> What to do:
Without any of their pictures, return all of the records exactly.

--- START ---

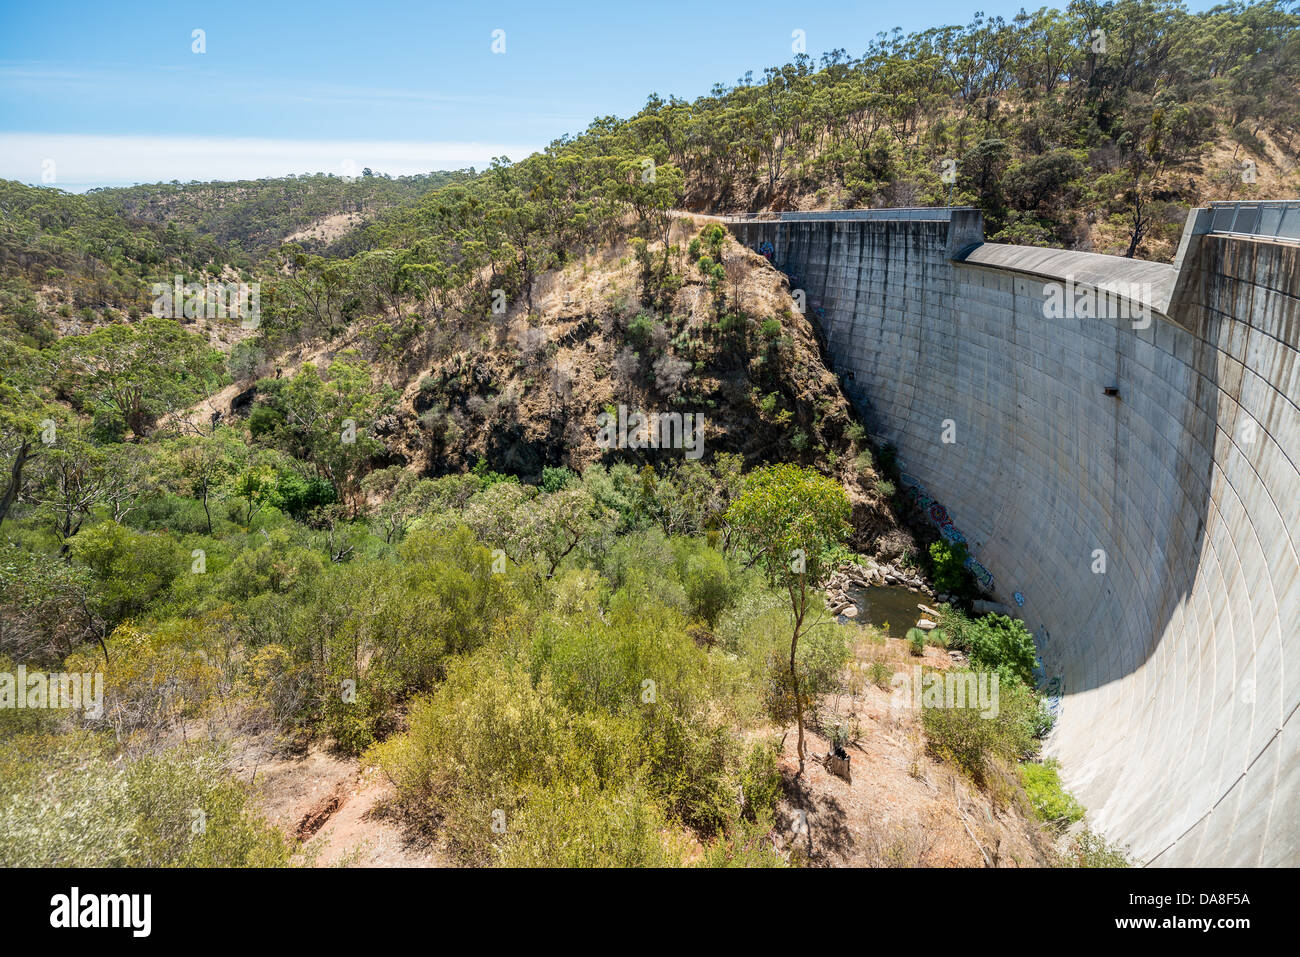 The Sturt Gorge flood control dam preventing major flooding events in the Sturt River. Stock Photo
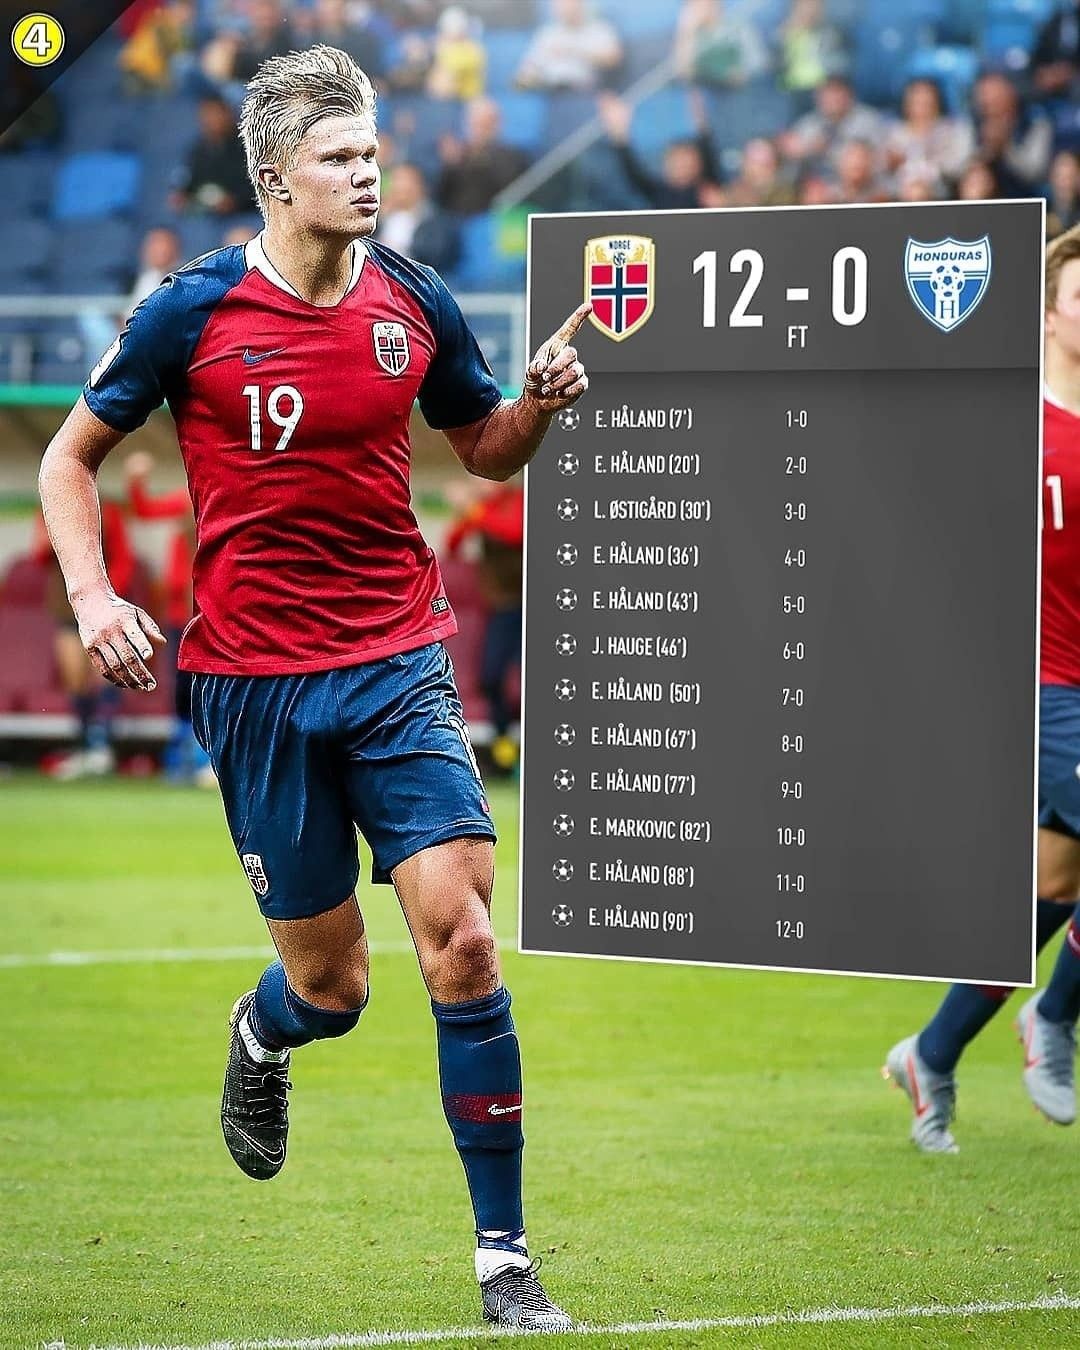 Erling Haaland scored 9 Goals for Norway at the U20 World Cup
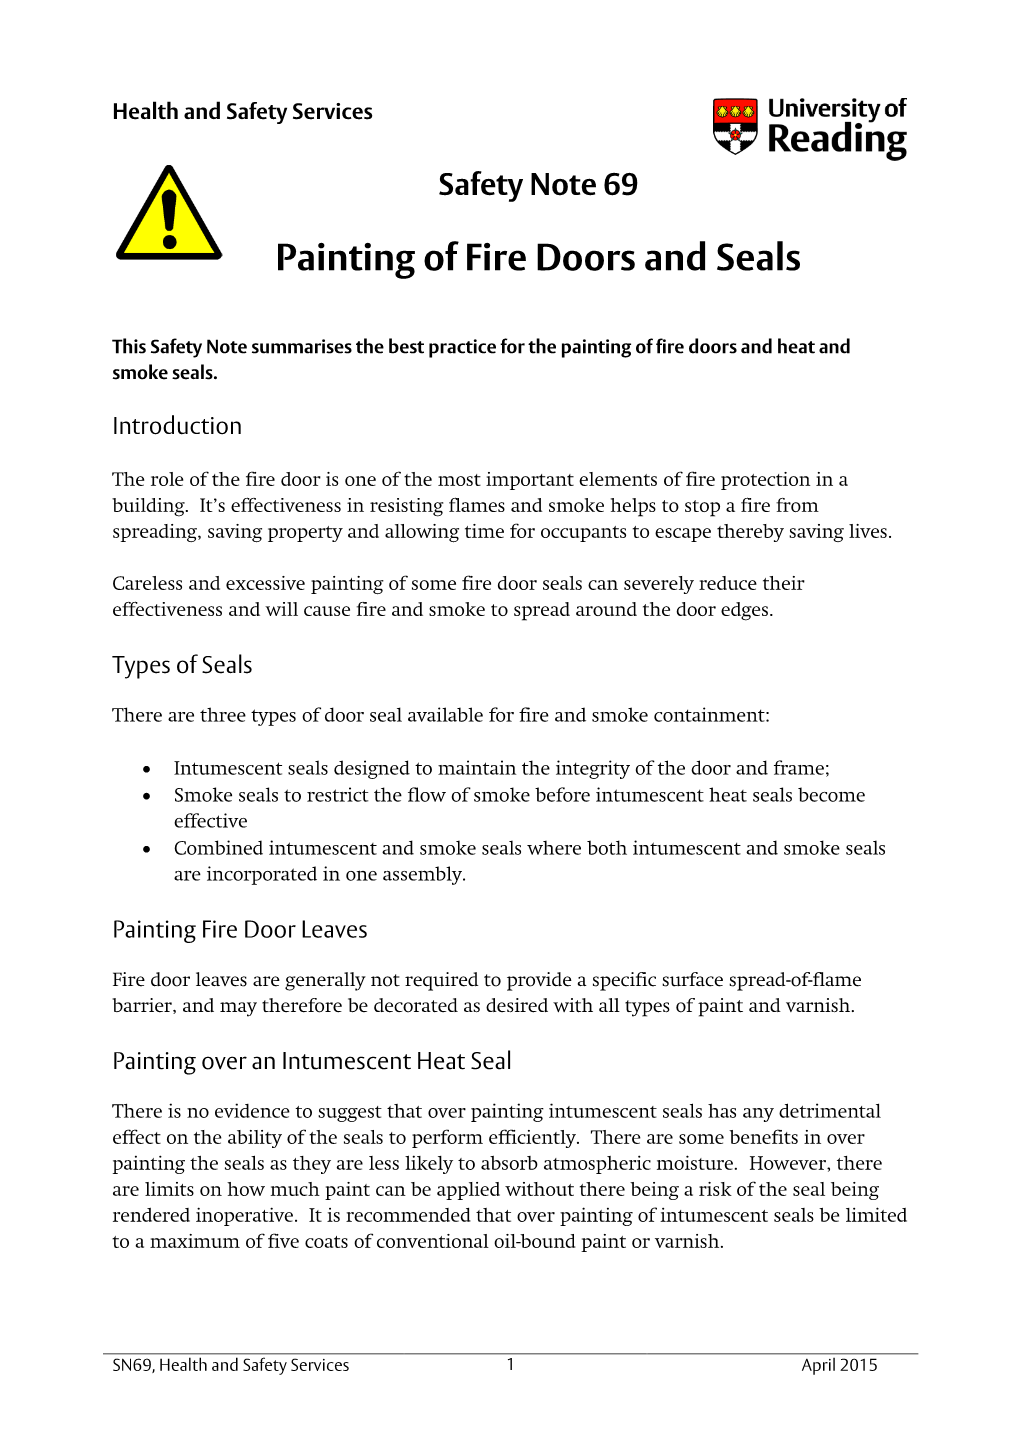 Painting of Fire Doors and Seals
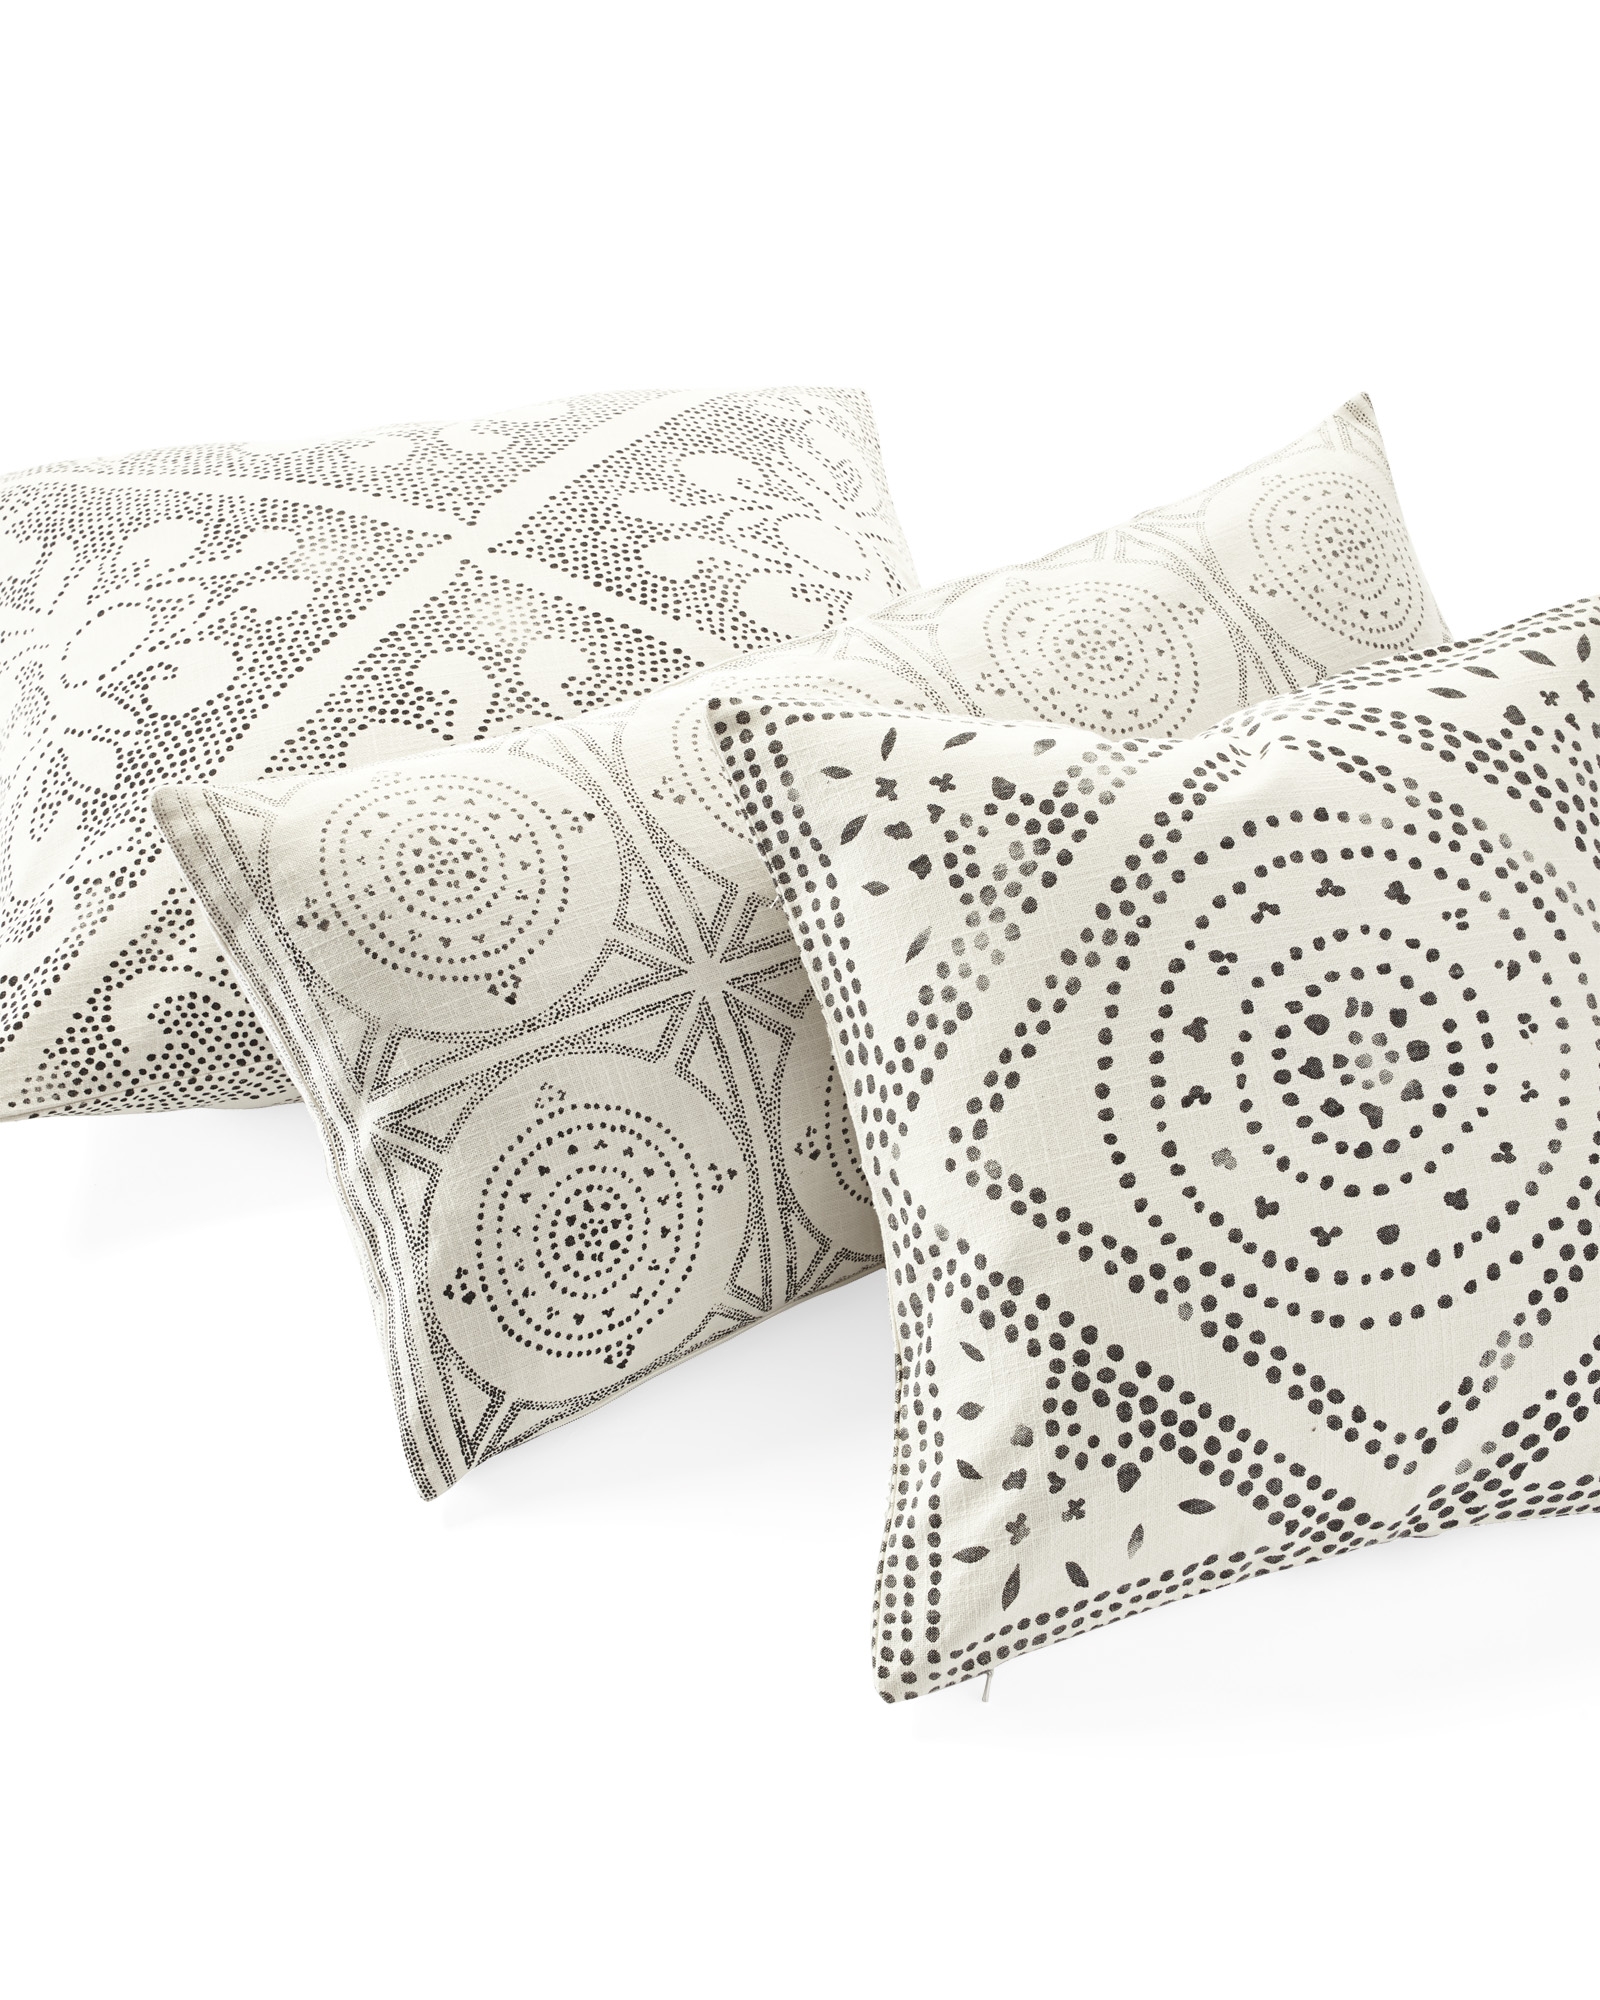 Camille Scroll Pillow Cover - Without Insert - Image 1
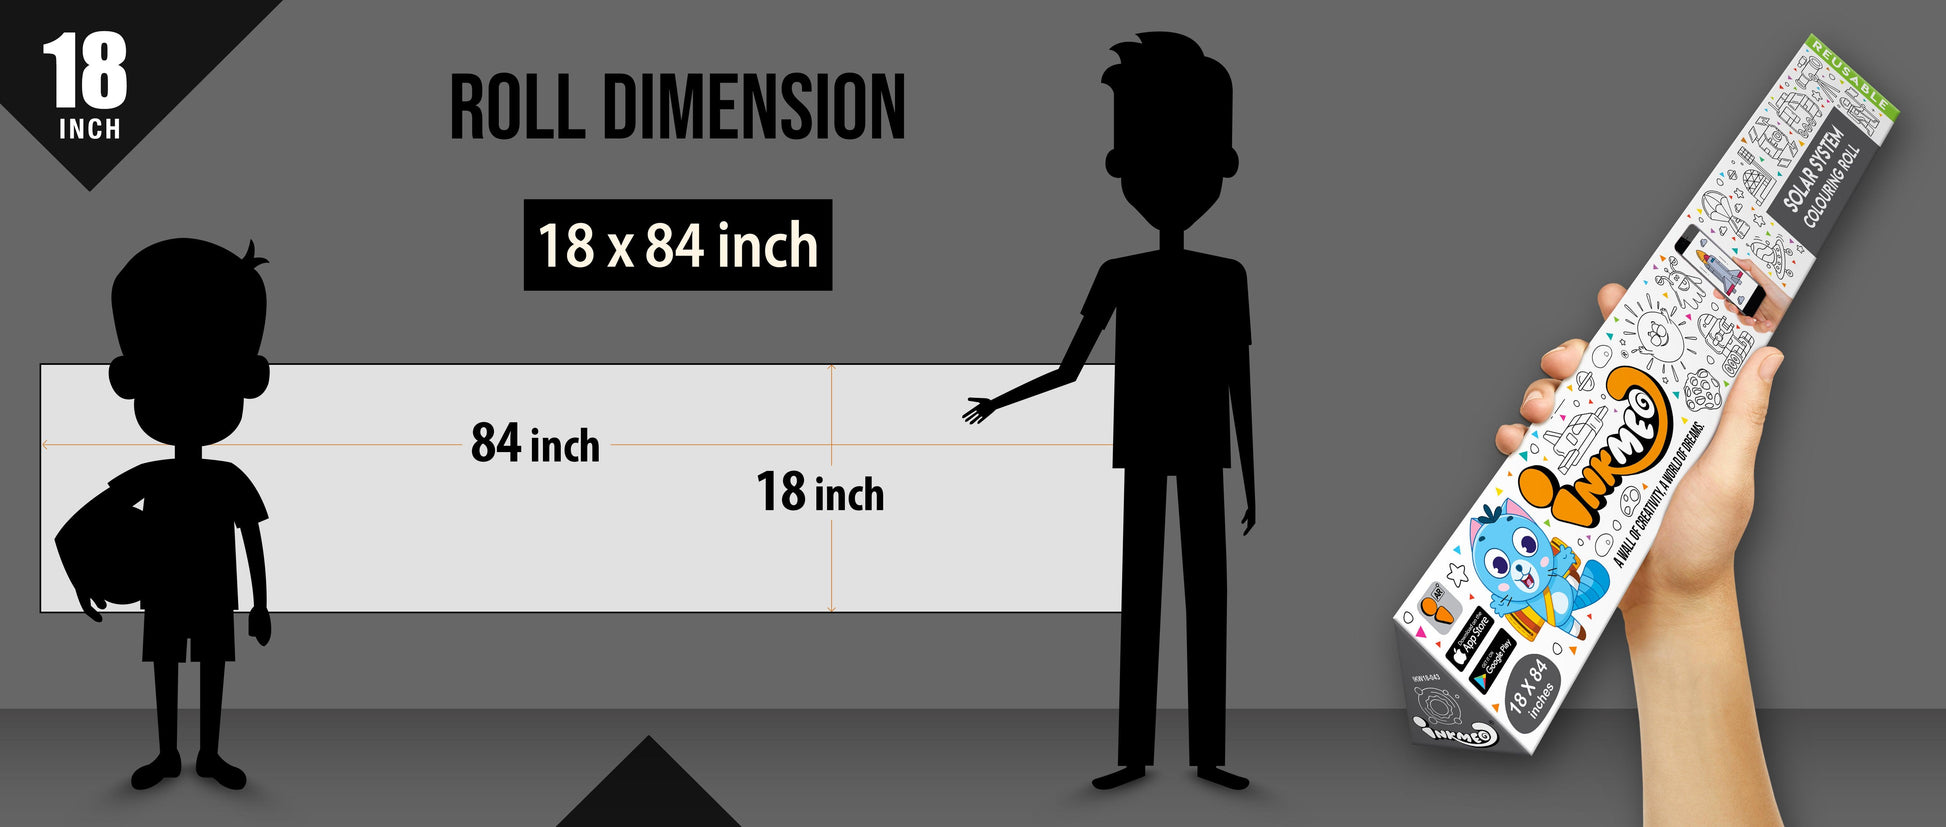 The image shows a black background with a ruler indicating child and adult height on an 18*84 inch paper roll dimension.

--- END ---

> Answer:
 The Sturt Gorge flood control dam preventing major flooding events in the Sturt River. Stock Photo
 Erling Haaland scored 9 Goals for Norway at the U20 World Cup
 Painting of Fire Doors and Seals
 Camille Scroll Pillow Cover - Without Insert - Image 1
 The image shows a black background with a ruler indicating child and adult height on an 18*84 inch paper roll dimension.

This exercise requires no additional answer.